> [Data block]:
Segment Open

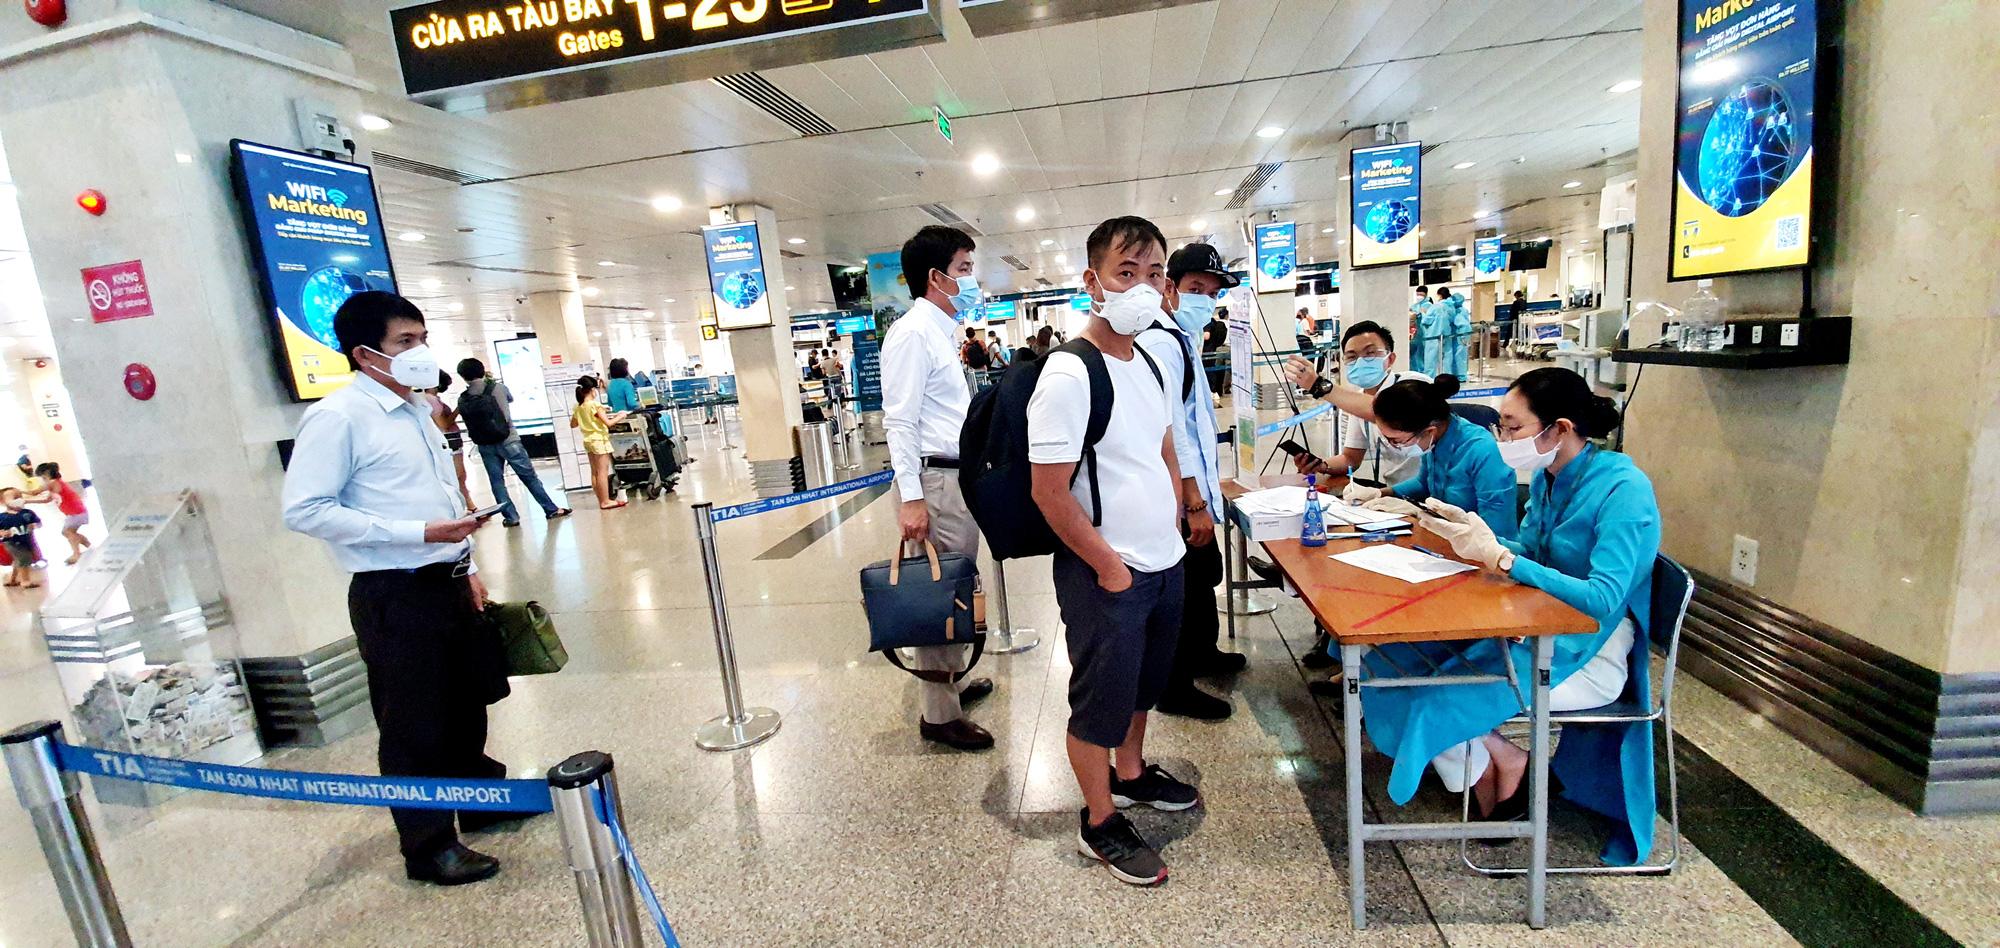 Ho Chi Minh City airport provides COVID-19 testing service
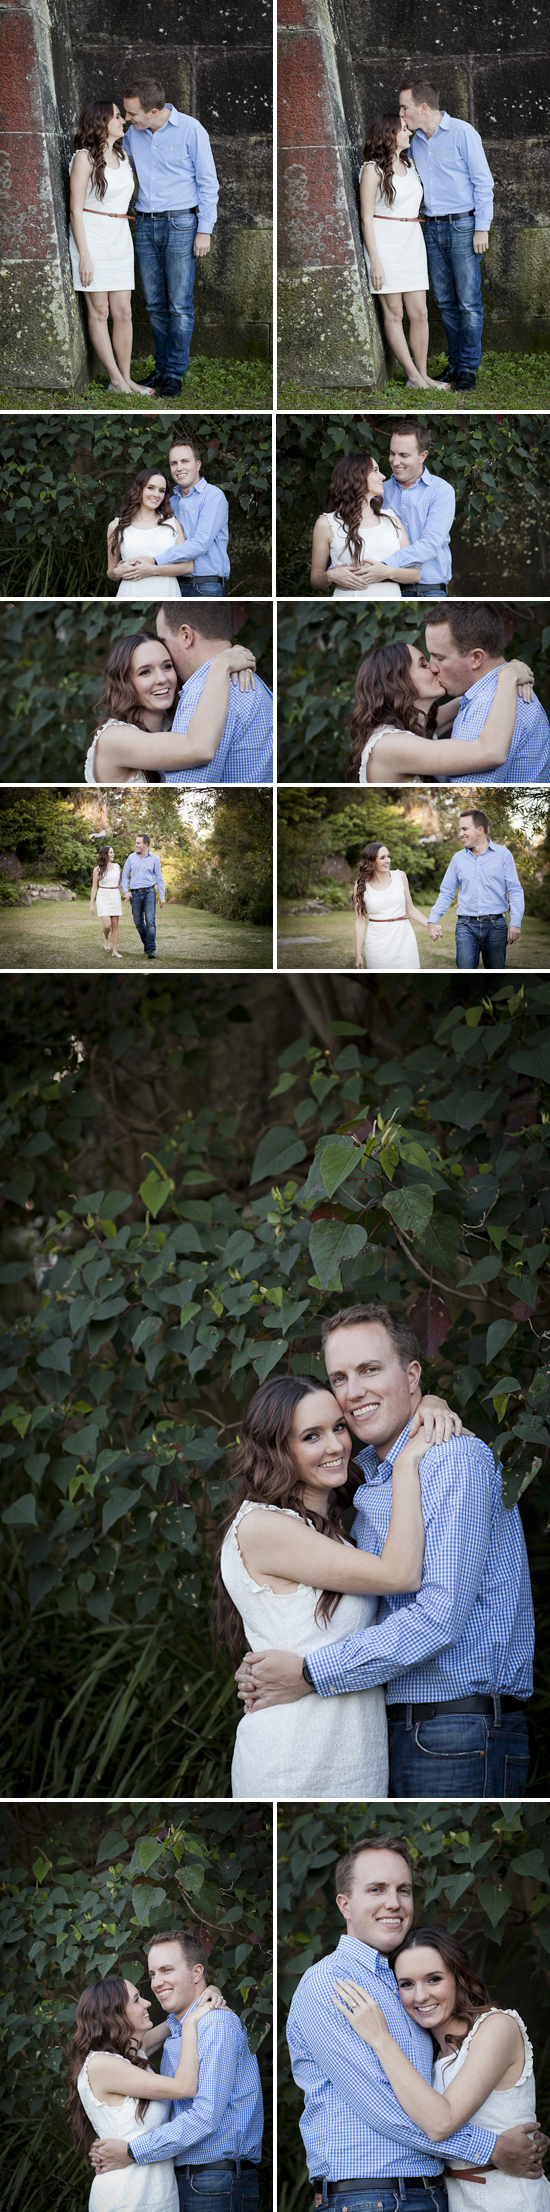 Hayley & Matt's Engagement Photos | Gunner Barracks Sydney
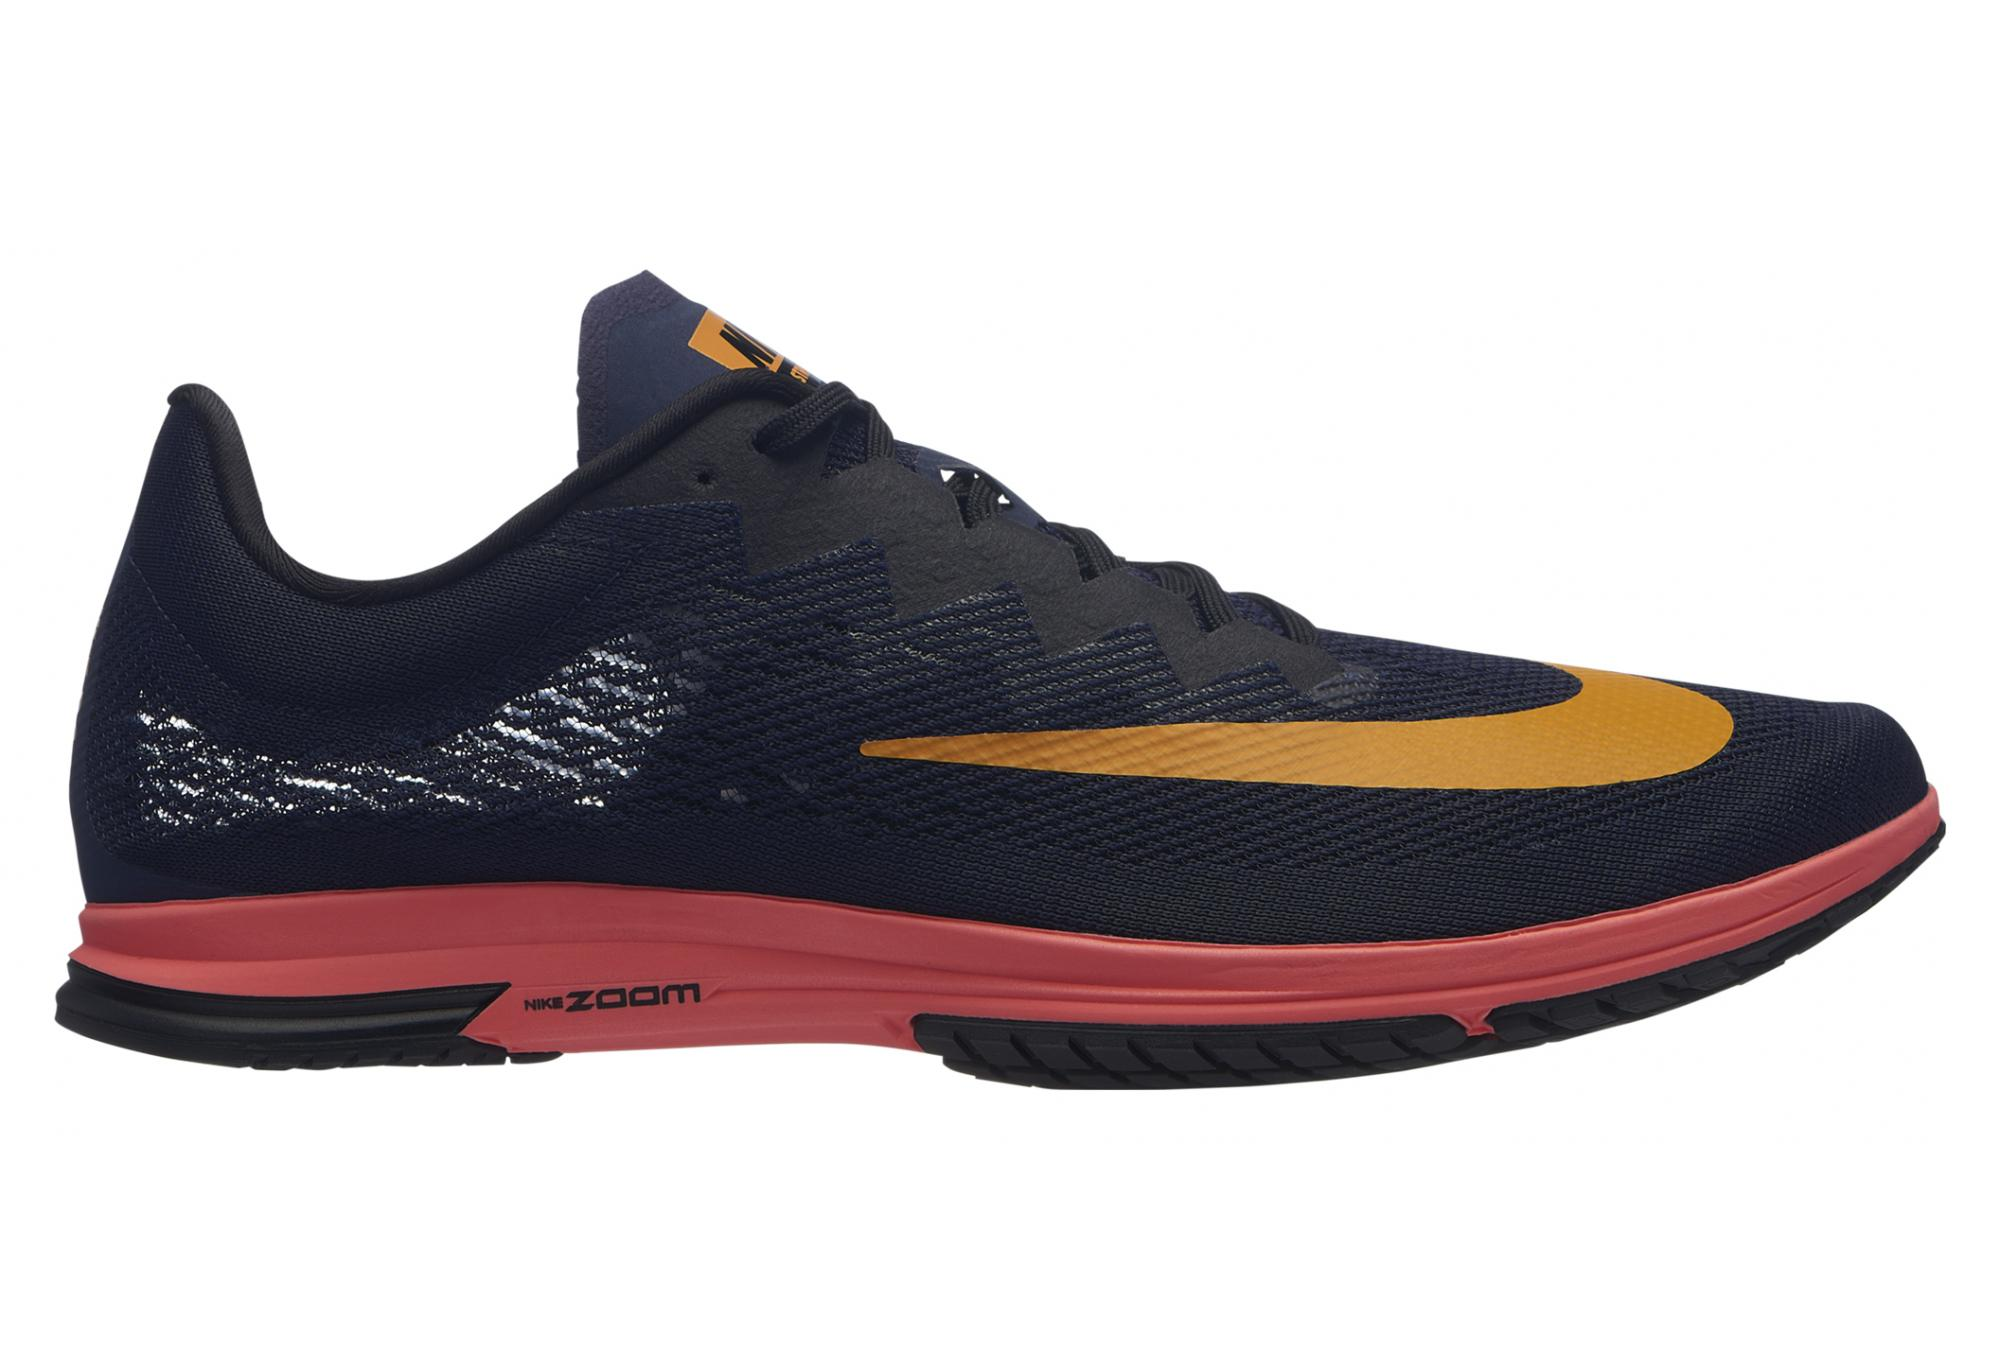 Nike Zoom Streak LT 4 Bleu Orange Rose Unisex

Segment Closed

Images are not wanted in the copy. Please print the material above exactly.

 Ho Chi Minh City airport provides COVID-19 testing service
 Hayley & Matt's Engagement Photos | Gunner Barracks Sydney
 Nike Zoom Streak LT 4 Bleu Orange Rose Unisex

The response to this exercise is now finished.